━━━━━ Provided data ━━━━━

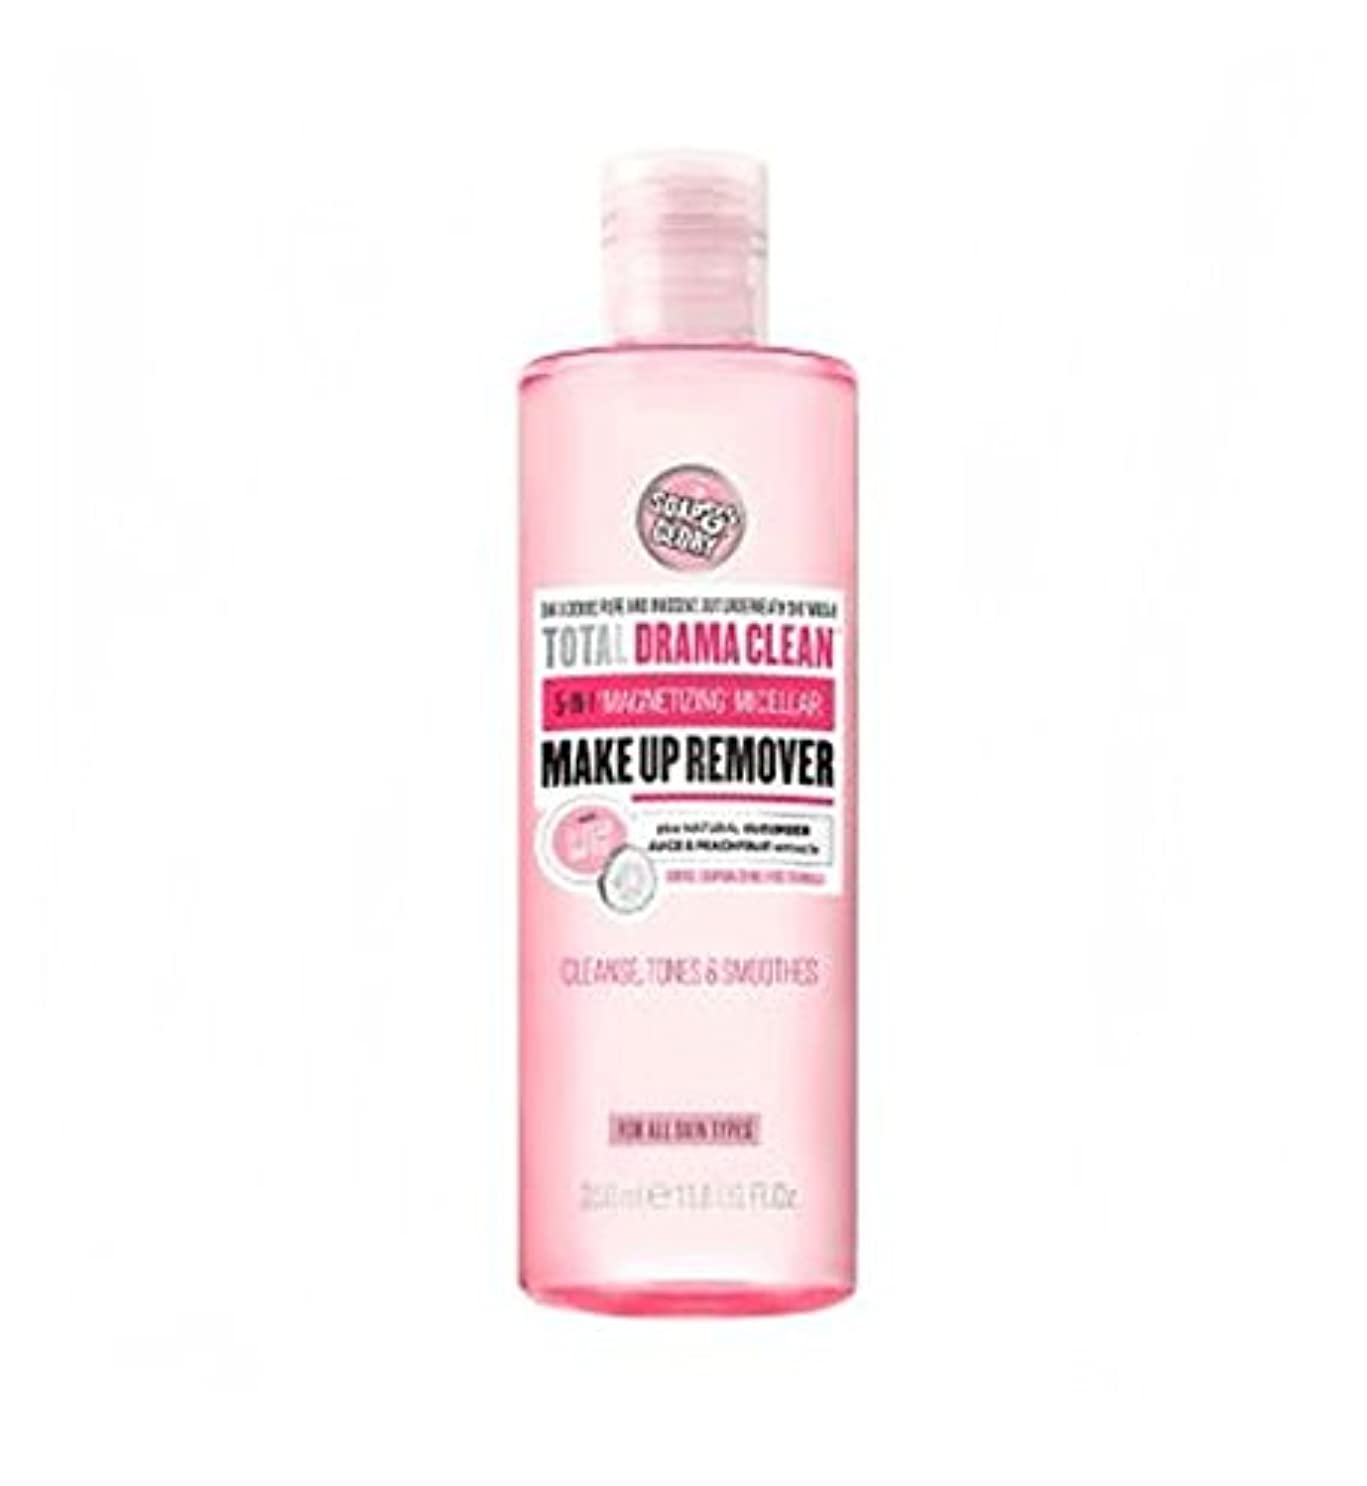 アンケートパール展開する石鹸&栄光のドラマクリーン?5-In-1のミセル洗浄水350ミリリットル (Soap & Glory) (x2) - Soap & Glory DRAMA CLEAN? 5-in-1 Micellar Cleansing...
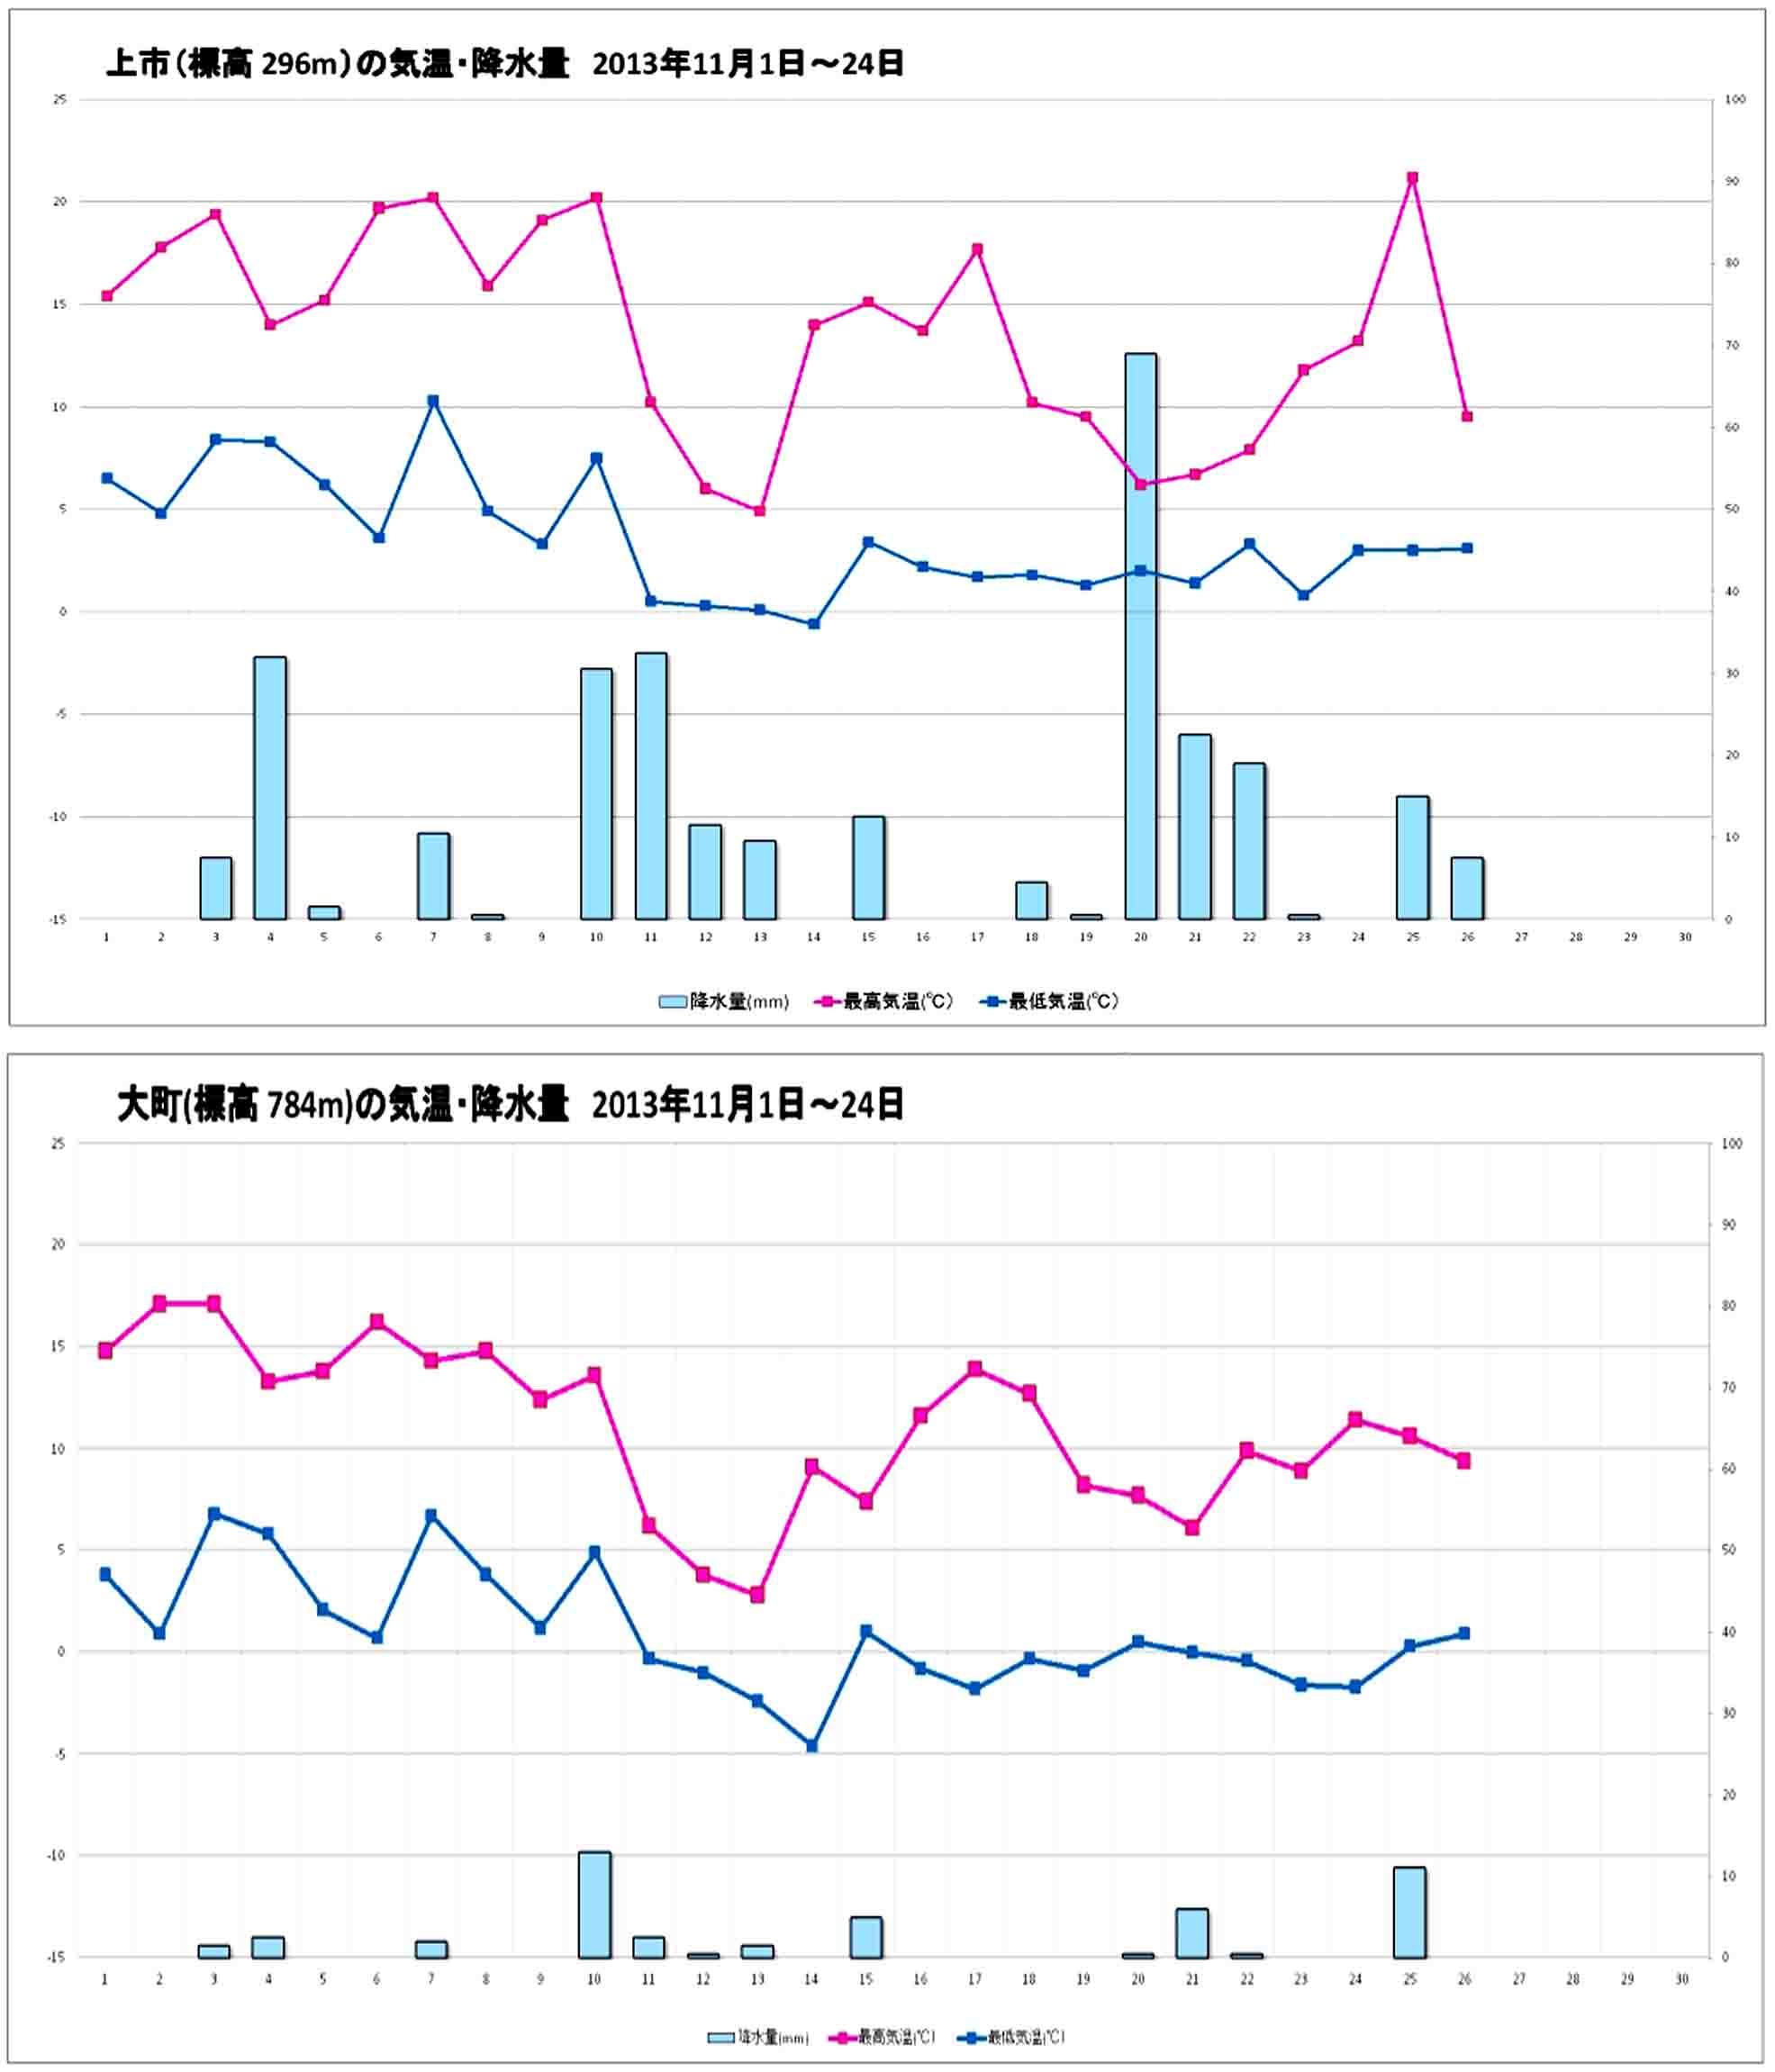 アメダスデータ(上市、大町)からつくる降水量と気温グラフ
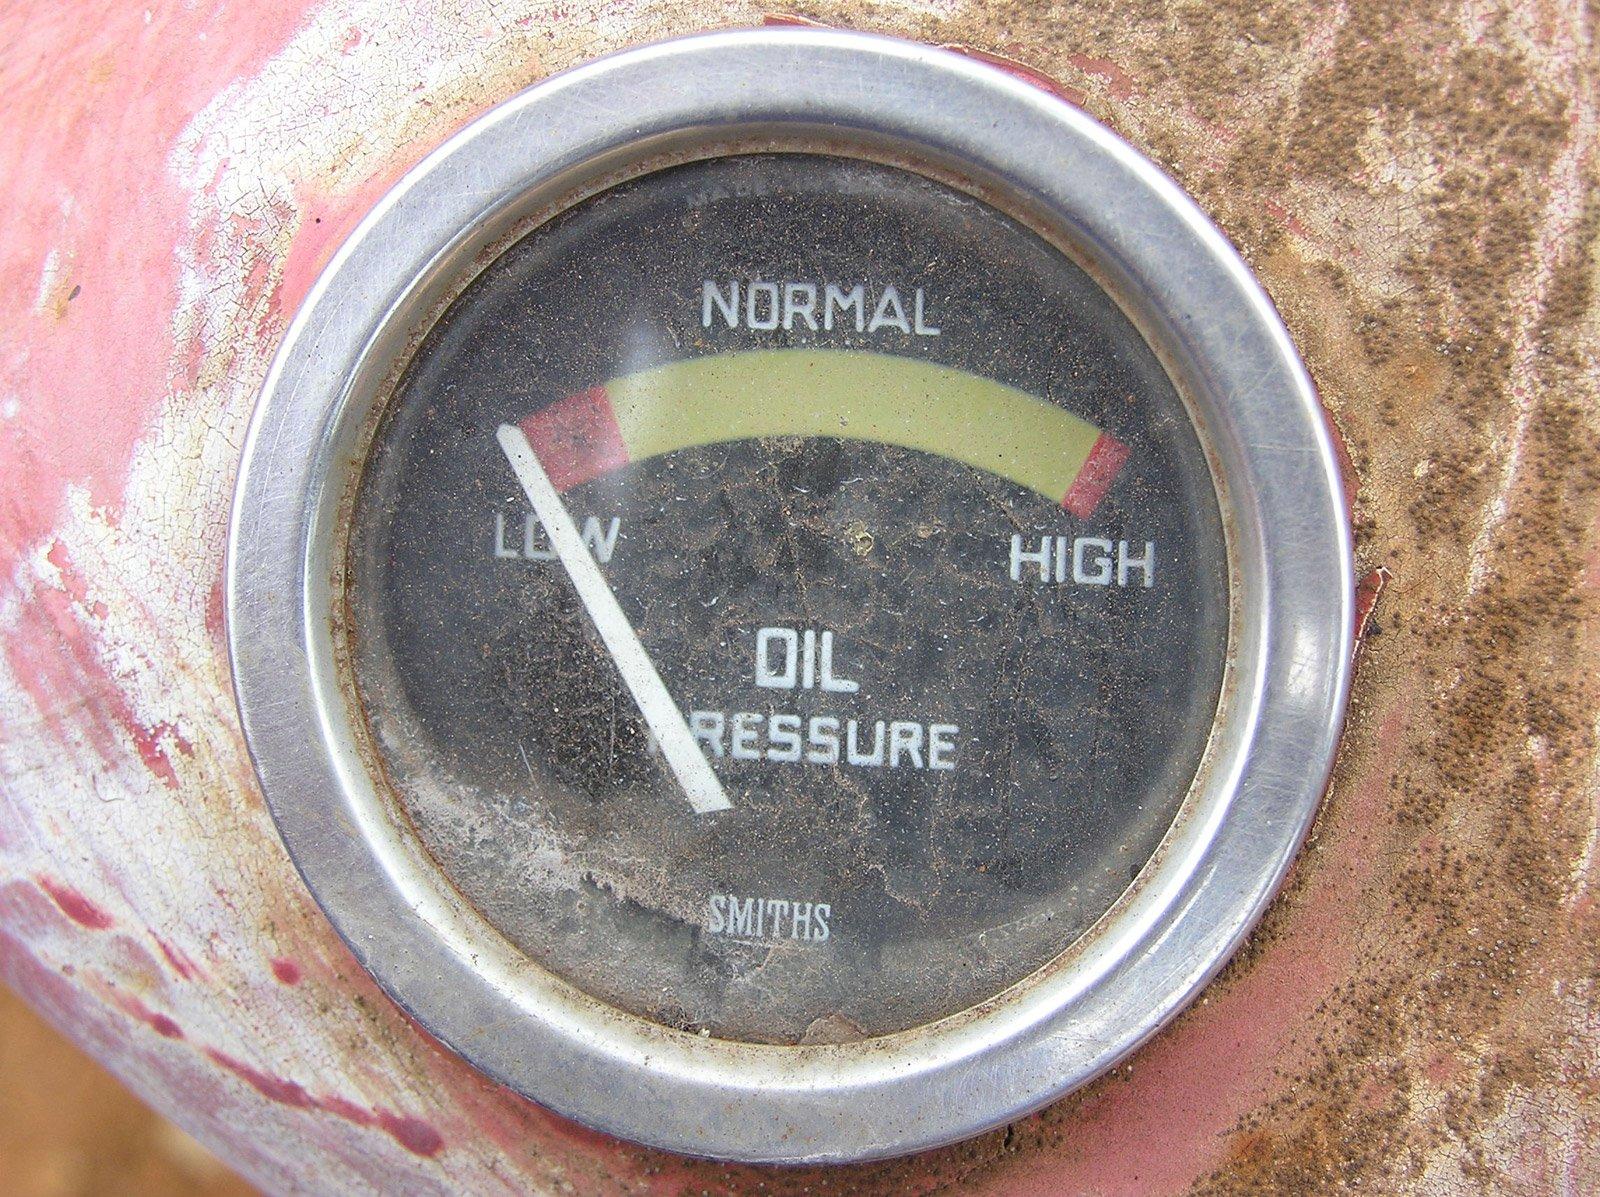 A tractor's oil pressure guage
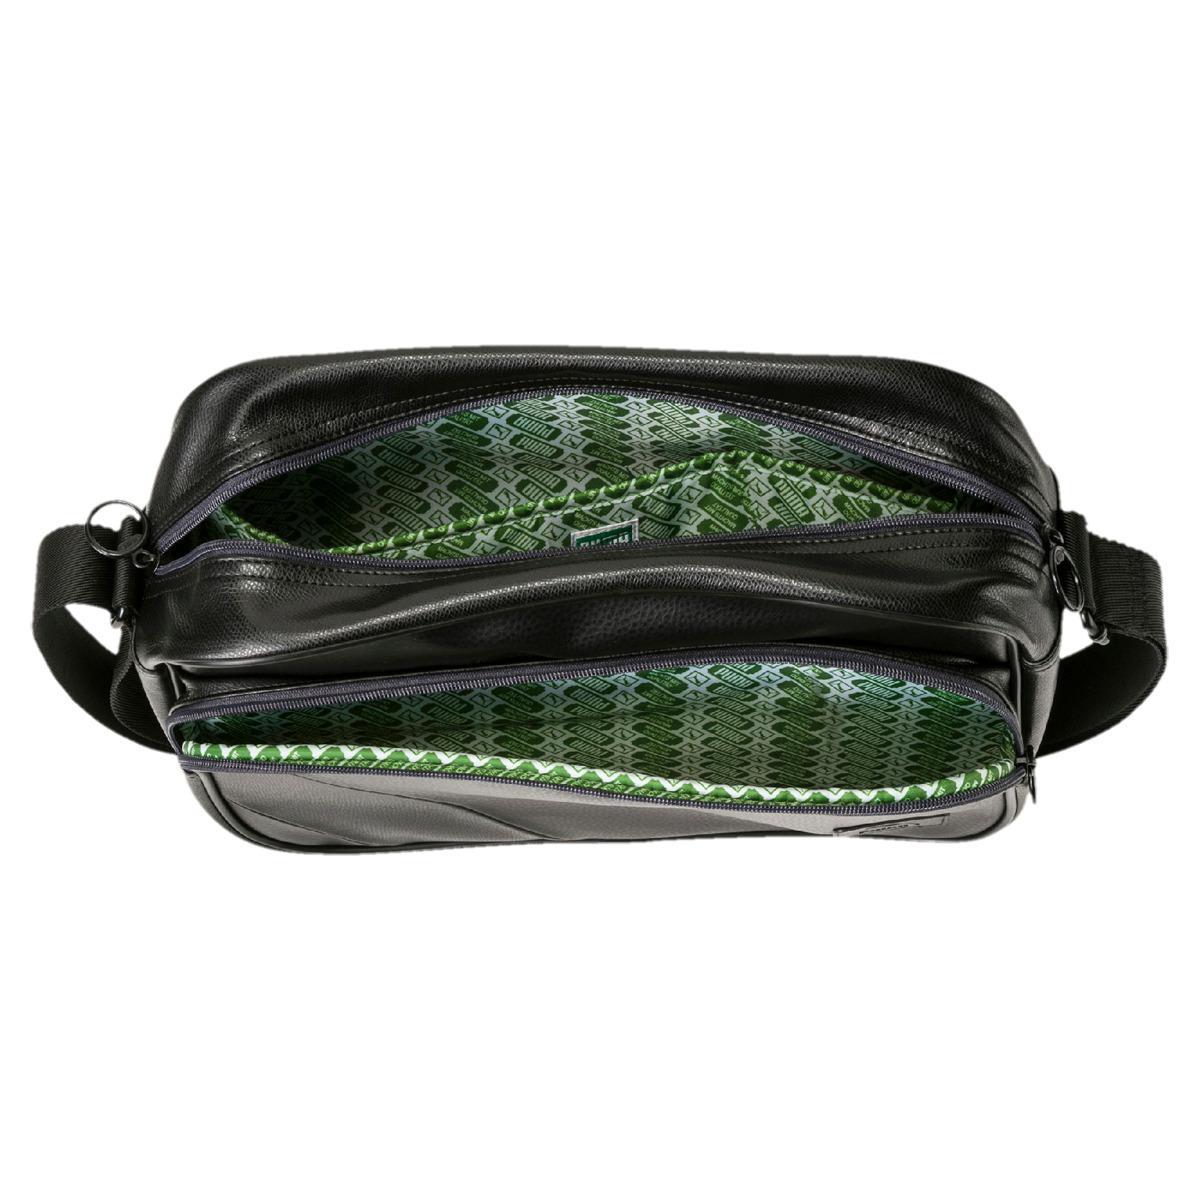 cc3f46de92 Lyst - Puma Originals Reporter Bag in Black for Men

━━━━━

Exercise instructions: Since the pictures are not part of the copy, transcribe only the remaining material, exactly.

Written solution:
 アンケートパール展開する石鹸&栄光のドラマクリーン?5-In-1のミセル洗浄水350ミリリットル (Soap & Glory) (x2) - Soap & Glory DRAMA CLEAN? 5-in-1 Micellar Cleansing...
 アメダスデータ(上市、大町)からつくる降水量と気温グラフ
 A tractor's oil pressure guage
 cc3f46de92 Lyst - Puma Originals Reporter Bag in Black for Men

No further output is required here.